Monday, December 13, 2010

Lecture #27: Network Dynamics


Lecture is about network dynamics, briefly, analysis of the changes that occur
in the network in time. These changes include appearance and disappearance of nodes,
links and also some aggregate metrics of the network. In addition to the analysis
of the known changes, network dynamics deals with predictions about future changes
in the network, like formation and dropping of new edges.

First study mentioned in the class was "Empirical Analysis of an Evolving Social Network".
Paper analyzes a university e-mail network. Ties are weighted with the number of messages
within the last 60 days between the pairs. One major result is that, individuals sharing at
least one class are 3-times more likely to start emailing each other if they have an email contact
in common. Probability significantly increases as number of ties or shared classes increase.
Next part was about the Team Assembly Mechanisms and Evolution of Affiliation Network
Related to Social Network. Examples studies in this field are Broadway Musical Industry and
Collaboration Networks in different sciences. Interesting findings can be summarized as follows;
If your friends join, so will you.
Cliquish communities grow more slowly.

Second part of the lecture was about the results of the affects described in the first.
As the nodes and links change over time, how does the degree distribution,
clustering coefficient and average shortest path change. Graph Densification is analyzed
for physics citations, patent citations, autonomous systems and affiliation networks.
A mathematical model is given. The main result is that number of edges are growing faster
than nodes, so average degree is increasing. Similar studies are carried out for the
diameter change.

In the final part, possible explanation of densification, community structure and difficulty of cross linking, and forest fire model is discussed.

Tuesday, December 7, 2010

Lecture #26: Percolation and Network Resilience

This lecture’s topic was percolation and network resilience. We want to answer the questions of if a given fraction of nodes or edges are removed from a network , how large the connected components are or what the average distance between nodes in the components is. While removing nodes or edges we should consider some points. In bond percolation each edge is removed with probability (1-p). Causing the most damage to the network with the removal of the fewest edges is targeted attack. Usually edges with high betweenness are the targets to make the most damage to network.
Percolation threshold in an Erdos-Renyi graph is the point at which the giant component emerges.
Another fact about the resilience is scale-free networks are resilient with respect to random attacks. However they are not resilient against targeted attacks. Removal of successfully chosen a small number of nodes may cause many more nodes (their neighbors) to be disconnected to the network.
In power grid structural networks each node has a load and a capacity that says how much load it can tolerate. When a node is removed from the network its load is distributed to the remaining nodes. If the load of a node exceeds its capacity then the node fails. Hence we can conclude that network resilience depends on topology of the network.

Colloquium: Epidemic Spreading in Social Networks by Dr Kitsak/December 2nd 2010

The colloquium topic was information diffusion in networks. Dr. Kitsak mentioned about diseases that spread very fast and killed lots of people in the past and recent years also. The most important point here is to understand how information (or disease) spreads based on network structure and what strategies can be applied to overcome the diseases very fast.There are many things that can influence the spread of information within a network. The three main factors in diffusion are network structure (degree distribution, clustering, connected components, etc.), strength of ties (frequency of communication and strength of influence), and spreading agents. A strong tie can be defined by frequent contact, affinity, or having many mutual contacts.
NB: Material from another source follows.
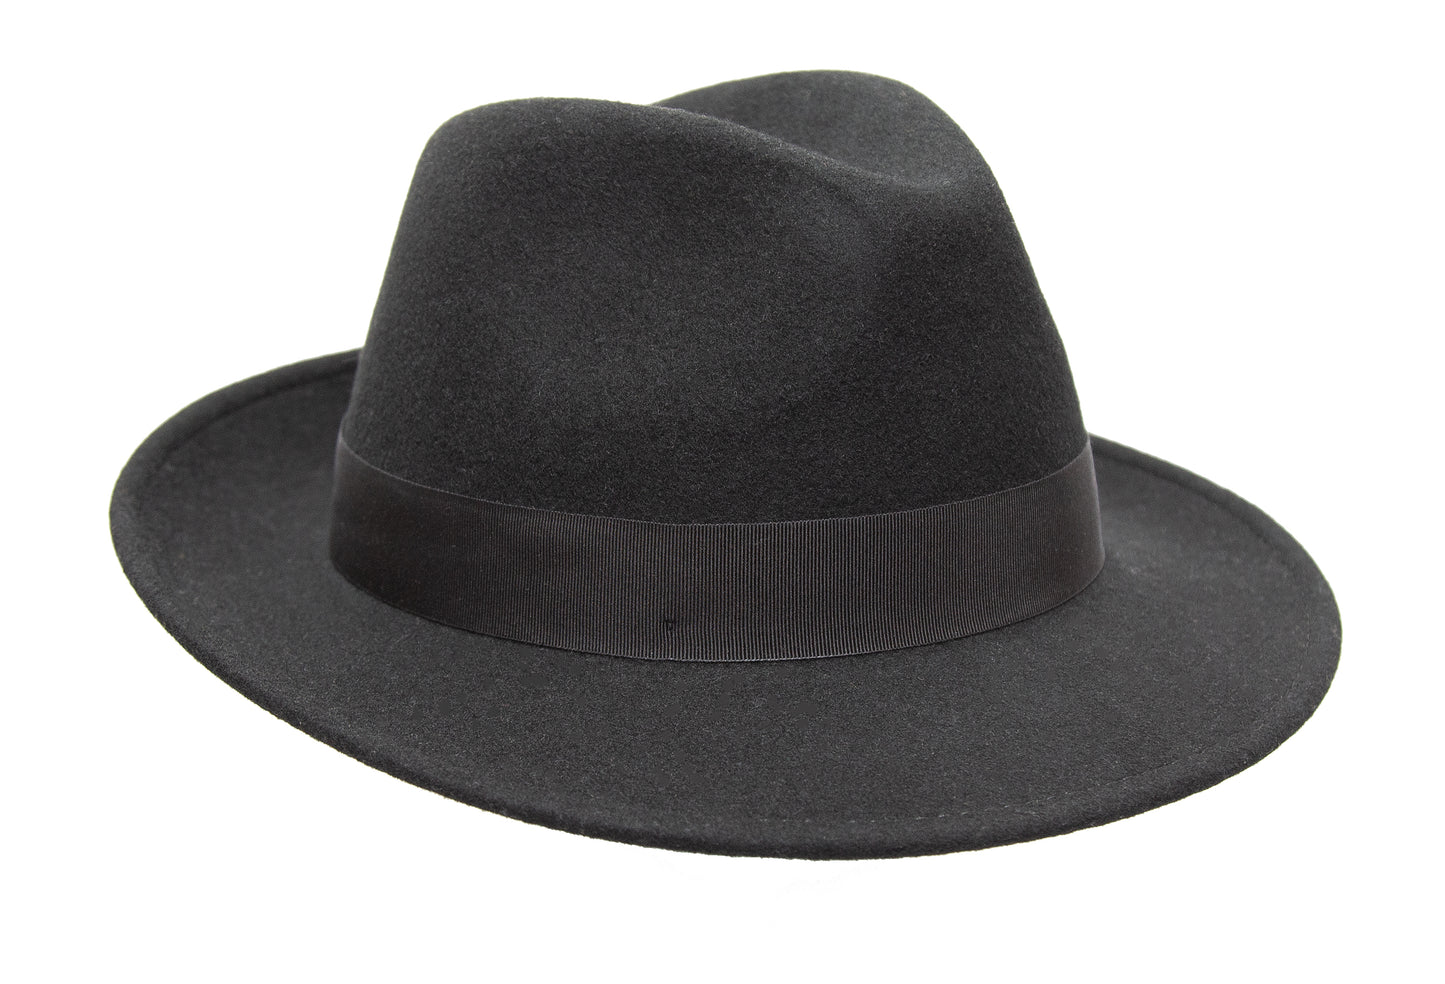 Crumpleable wool felt hat for women and men with leather hat band and logo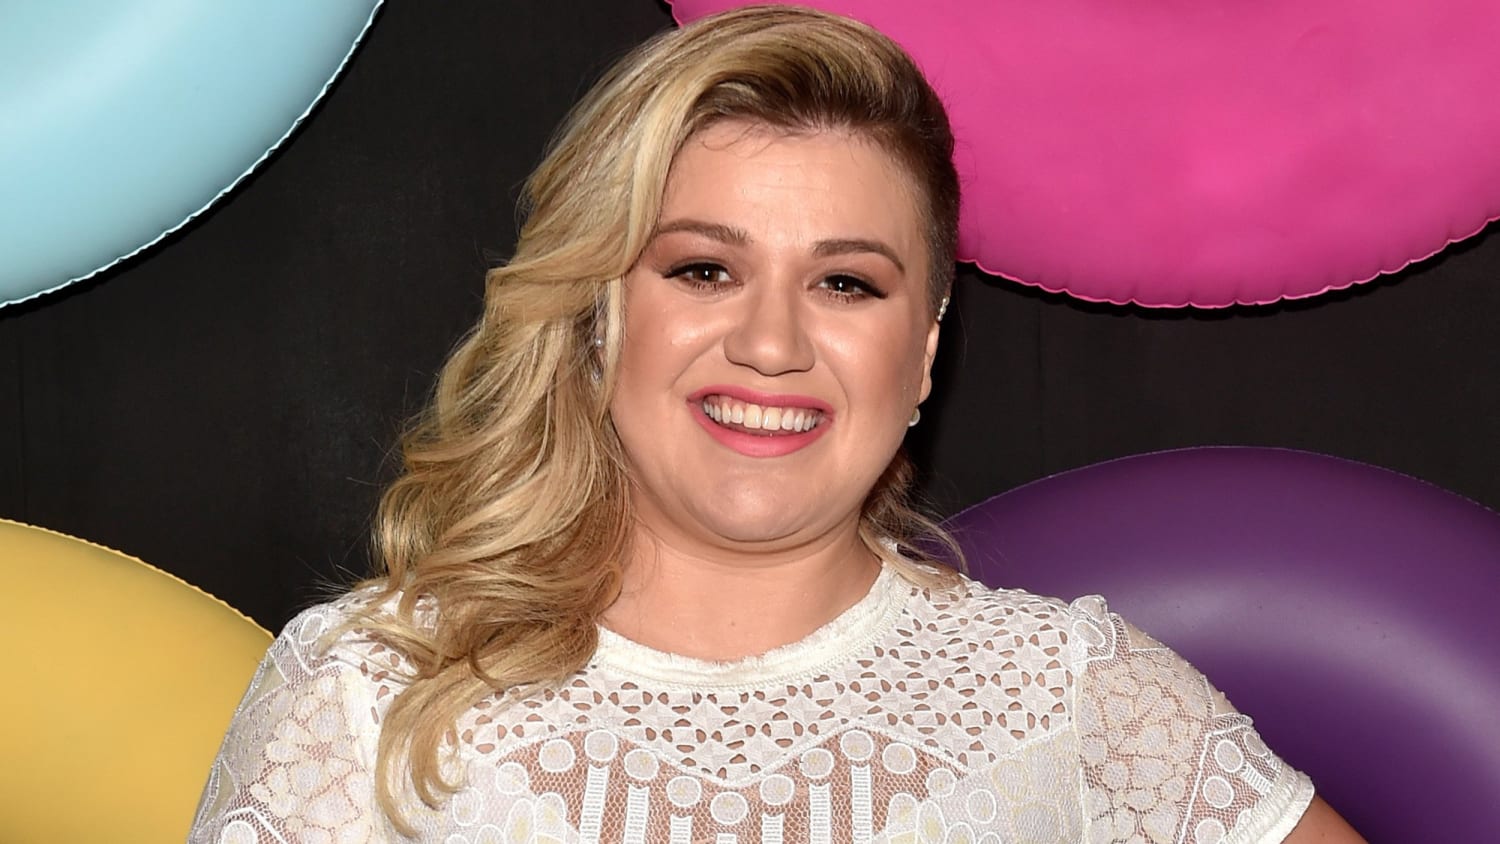 Kelly Clarkson's son Remy is all smiles after a shot in adorable new photo - TODAY.com

Dr. Kitsak also mentioned three key models for infection. These are SI, SIS and SIR. SIR stands for Susceptible -> Infected -> Removed/Recovered. Each node in the network can be classified by one of these terms in the SIR model. If a node is susceptible, then it can be infected. An infected node is self-explanatory. A removed node means it was infected and removed from the network. Or, a node can recover and build a natural immunity. The SI model is simply Susceptible -> Infected. The definitions remain the same, but a node is unable to recover and therefore remains infected. The SIS model is Susceptible ->Infected -> Susceptible. One of the important network structure that disease can be spread is worldwide airport network. Dr. Kitsak also mentioned about network immunization. One vaccine strategy may be instead of vaccinating all people vaccinate a threshold part so the community can be divided into clusters and virus can't jump to clusters. Dr. Kitsak also told that our community is scale free network.

So who are the most influential spreader in the network?K-shell is the most robust spreading efficiency indicator. So if we want a disease spread quickly we should find different K-shells at different places in the world.As a conclusion Dr. Kitsak pointed out these factors:

1-Almost no epidemic threshold in Scale-Free Networks.
2- Efficient Immunization Strategy: Immunize at least critical fraction fc of nodes so that only isolated clusters of susceptible individuals remain.
3- Immunization strategy is not reciprocal to spreading strategy.
4-Influential spreaders (not necessarily hubs) occupy the innermost k-cores.

Monday, December 6, 2010

Metric computations tools

I have uploaded two tools to computer basic network metric under Course Content. These are useful if you have very large networks that Pajek can not process.

One of the tools is just for betweenness centrality and the other includes a set of metrics and also draws results of some.